Directions:
Without the pictures, restate all of the data below word for word.

Data shown:

================

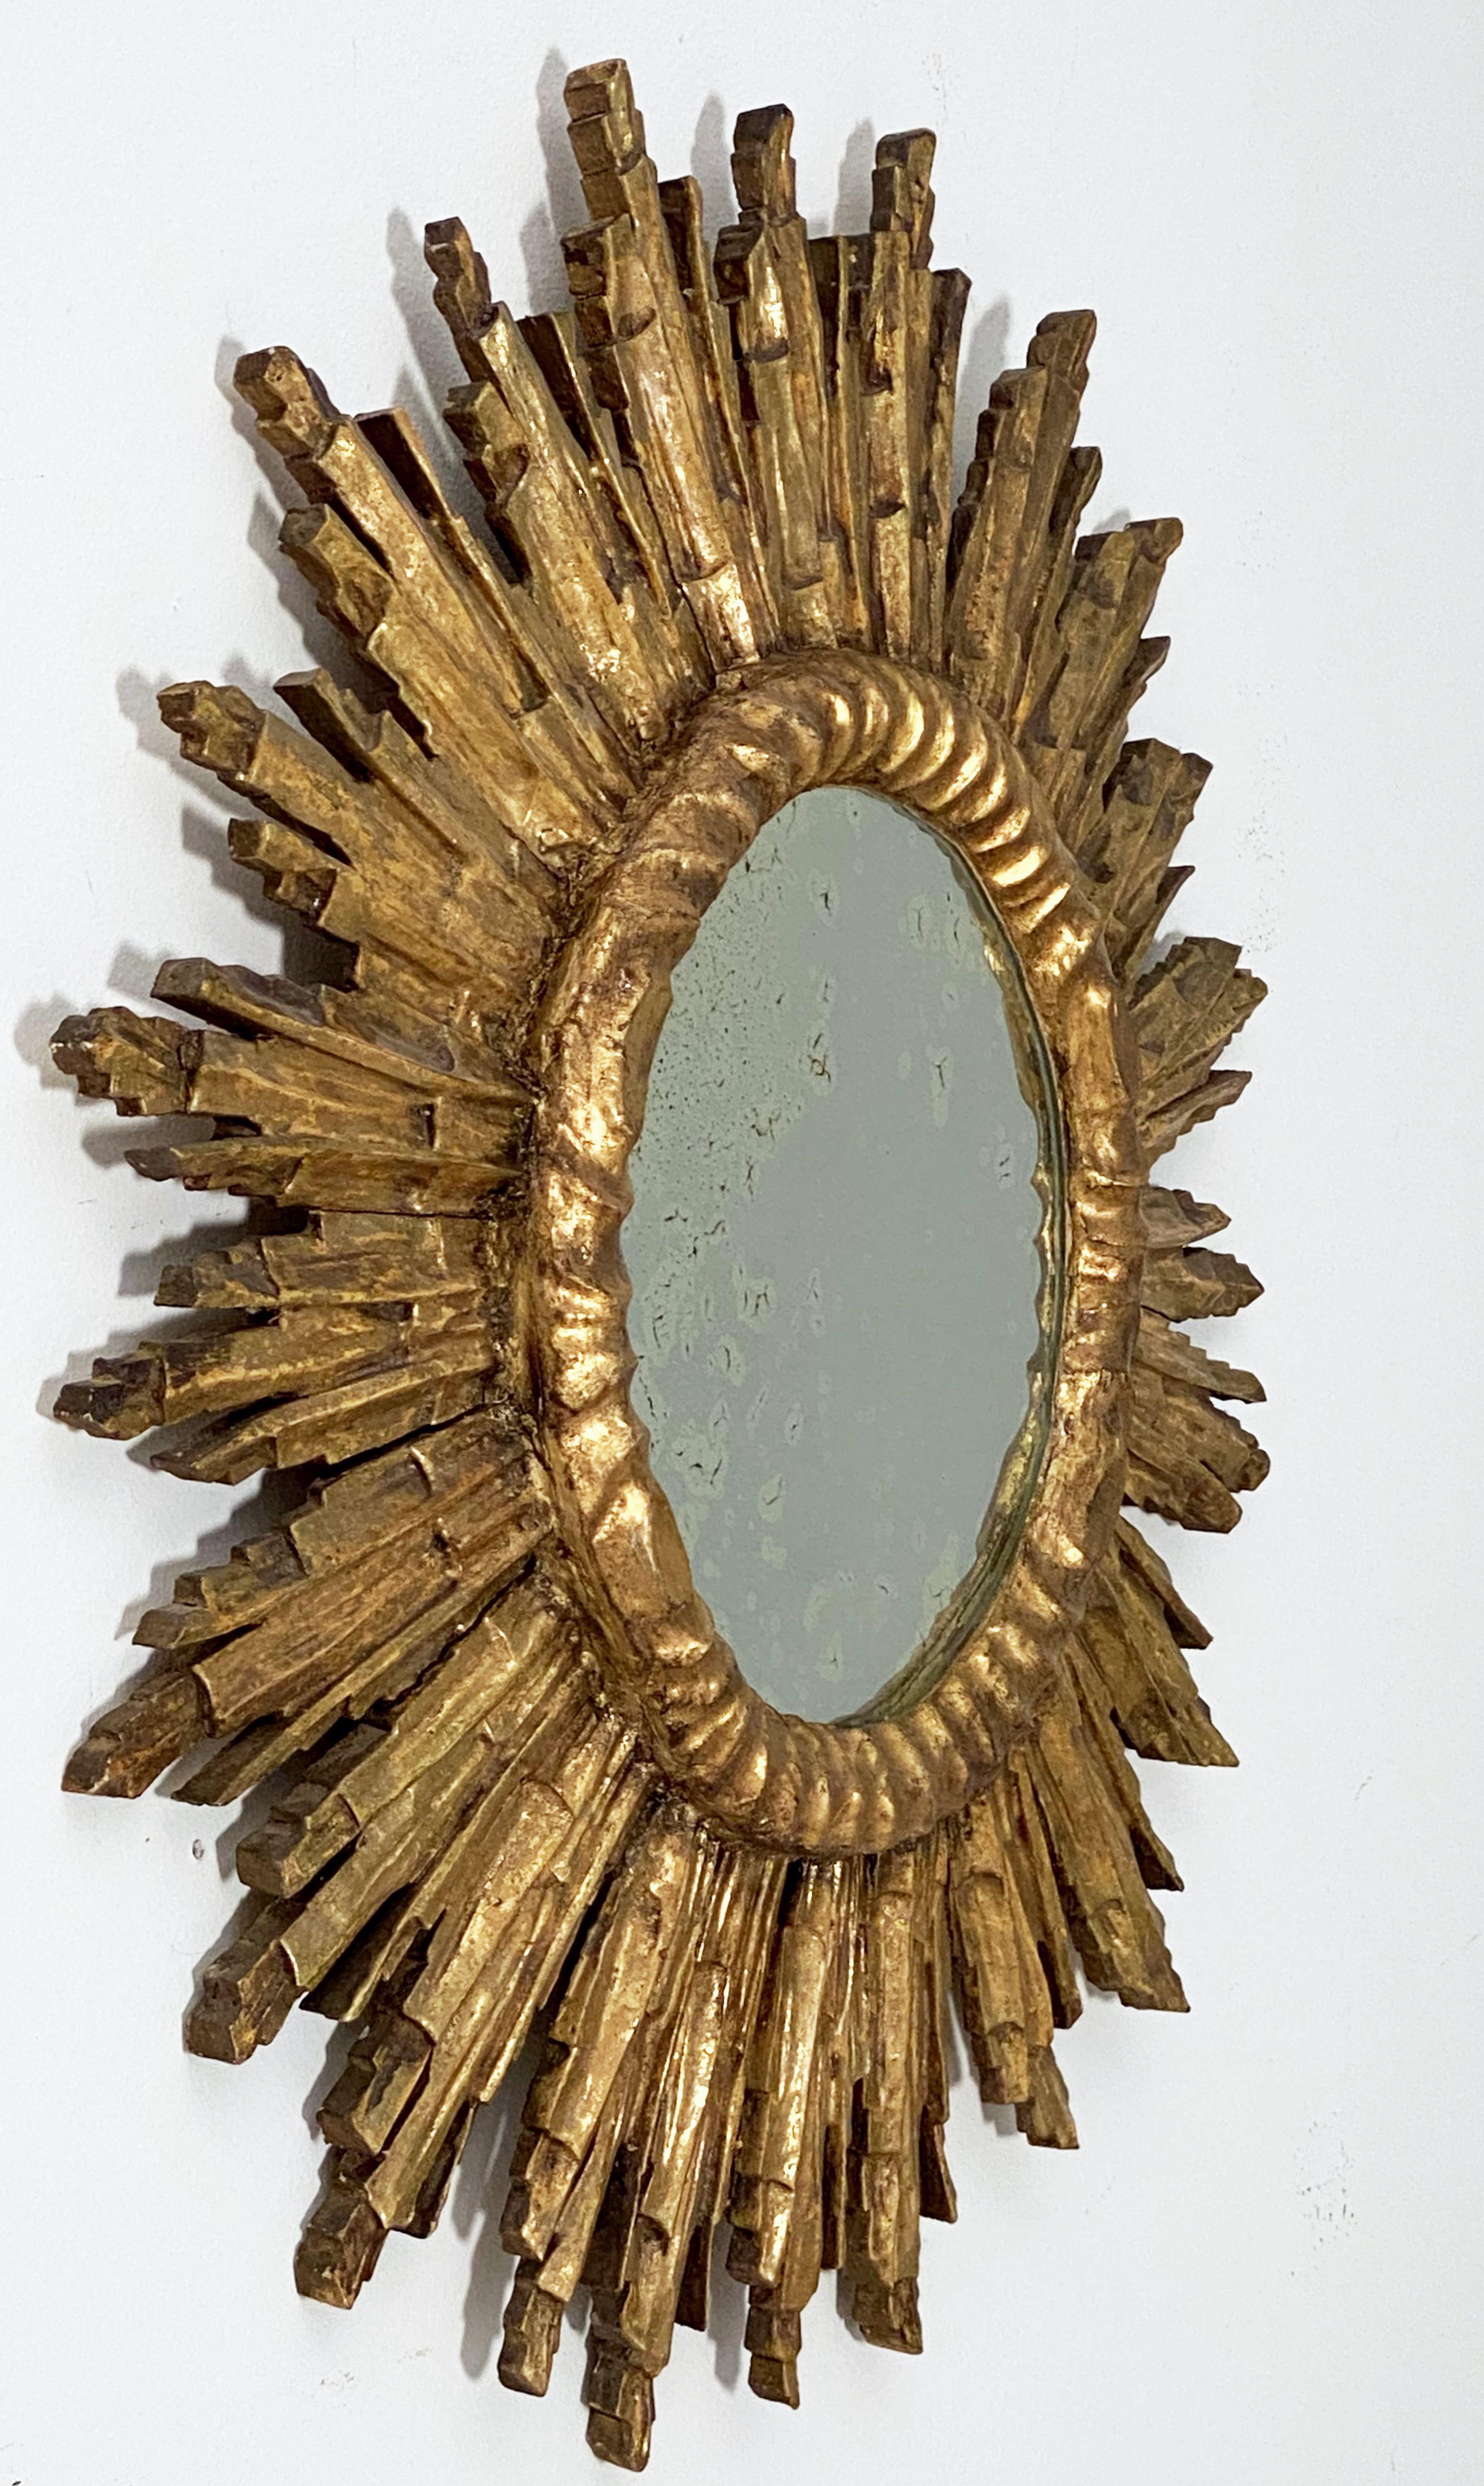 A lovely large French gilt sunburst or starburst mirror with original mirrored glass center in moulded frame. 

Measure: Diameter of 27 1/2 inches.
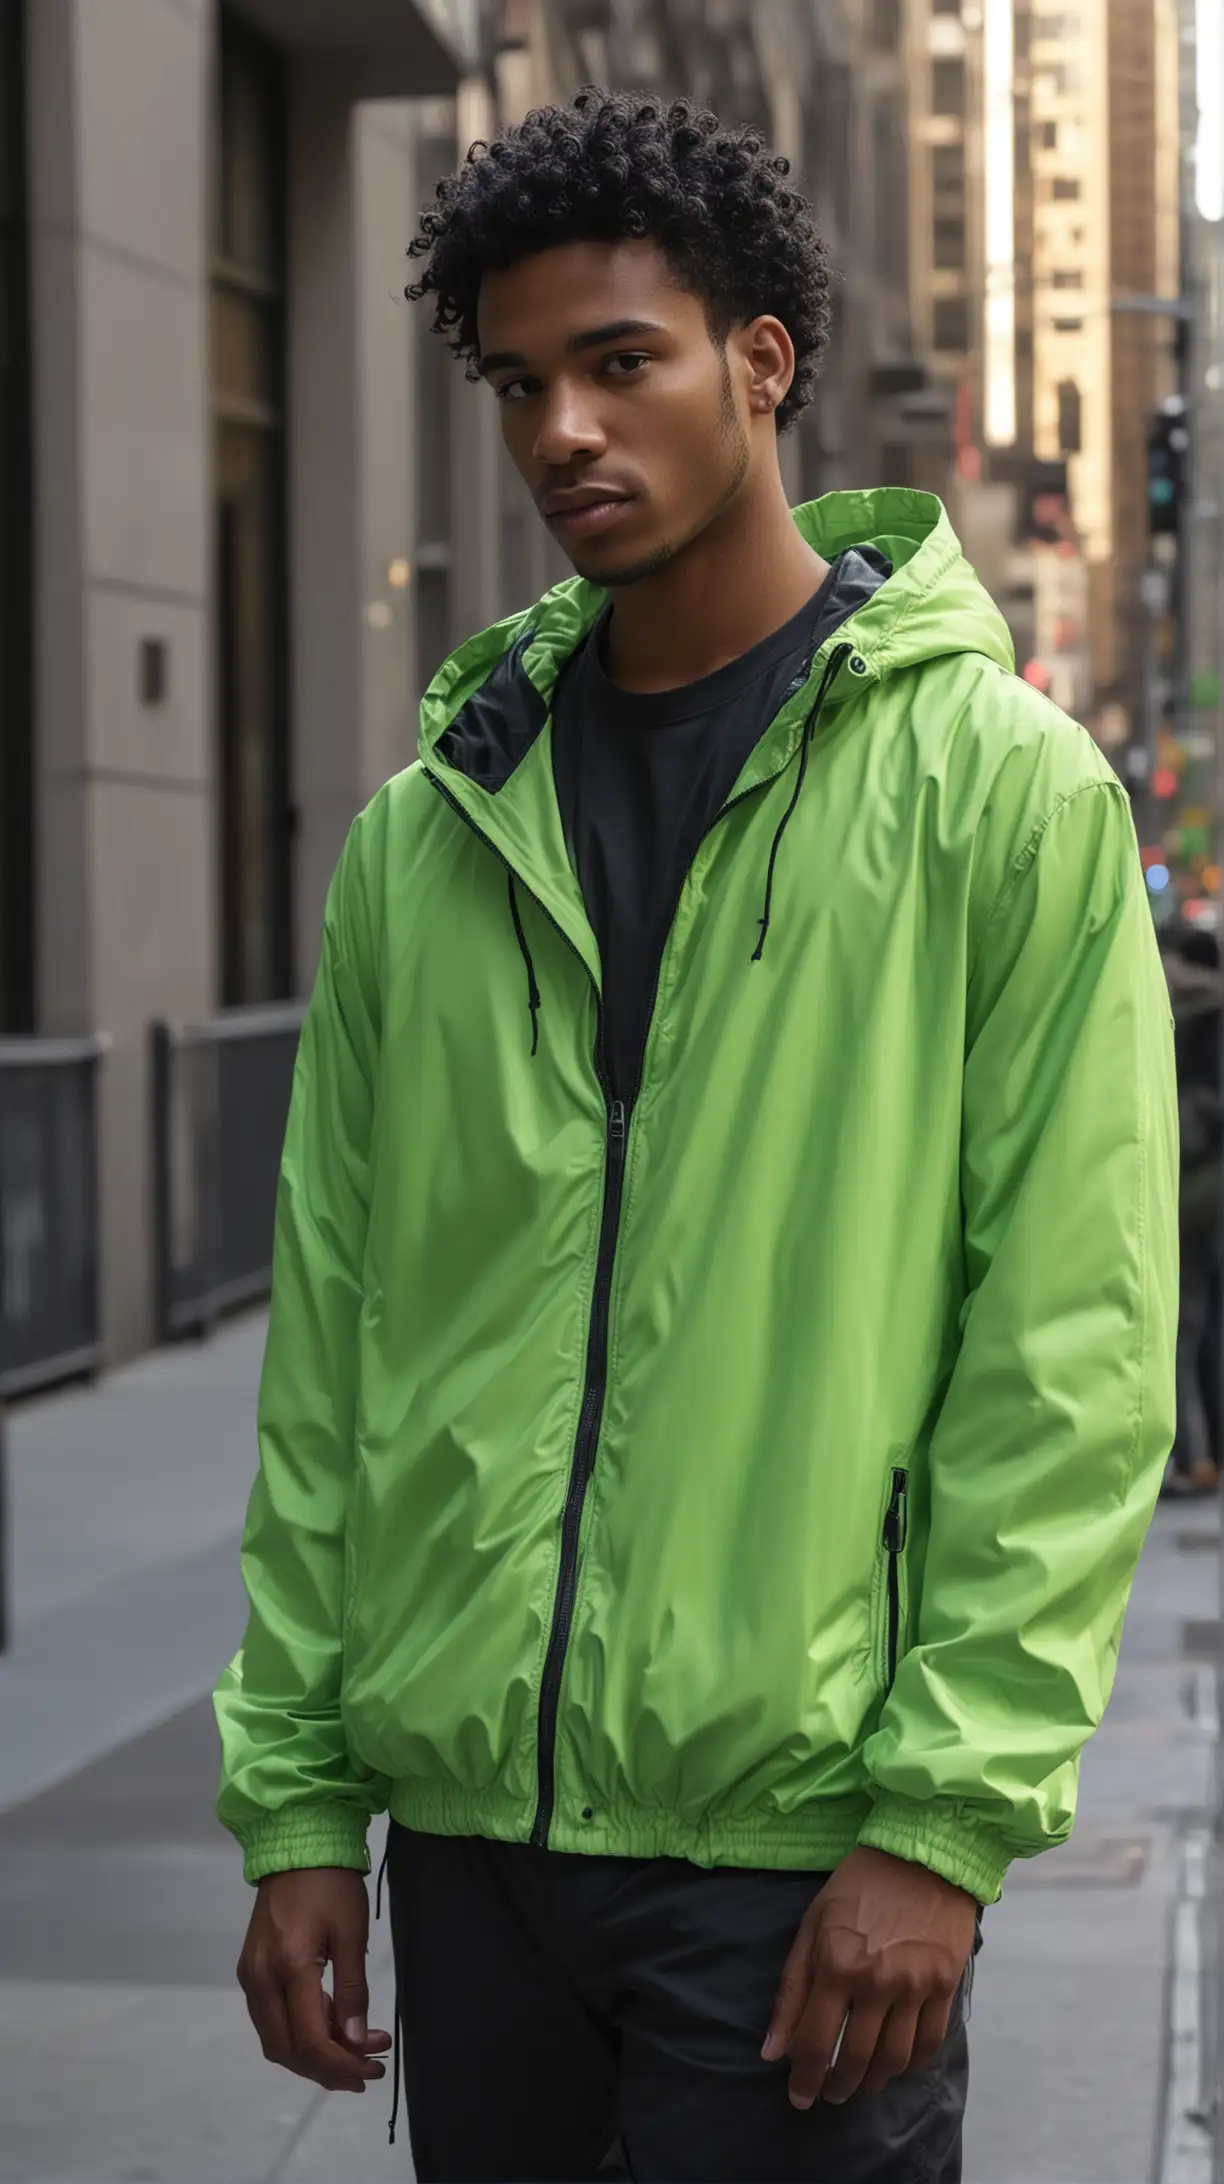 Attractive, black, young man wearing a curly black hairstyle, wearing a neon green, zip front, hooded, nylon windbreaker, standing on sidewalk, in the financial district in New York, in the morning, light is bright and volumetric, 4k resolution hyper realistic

================

Finished task:
 A lovely large French gilt sunburst or starburst mirror with original mirrored glass center in moulded frame. 

Measure: Diameter of 27 1/2 inches.
 Attractive, black, young man wearing a curly black hairstyle, wearing a neon green, zip front, hooded, nylon windbreaker, standing on sidewalk, in the financial district in New York, in the morning, light is bright and volumetric, 4k resolution hyper realistic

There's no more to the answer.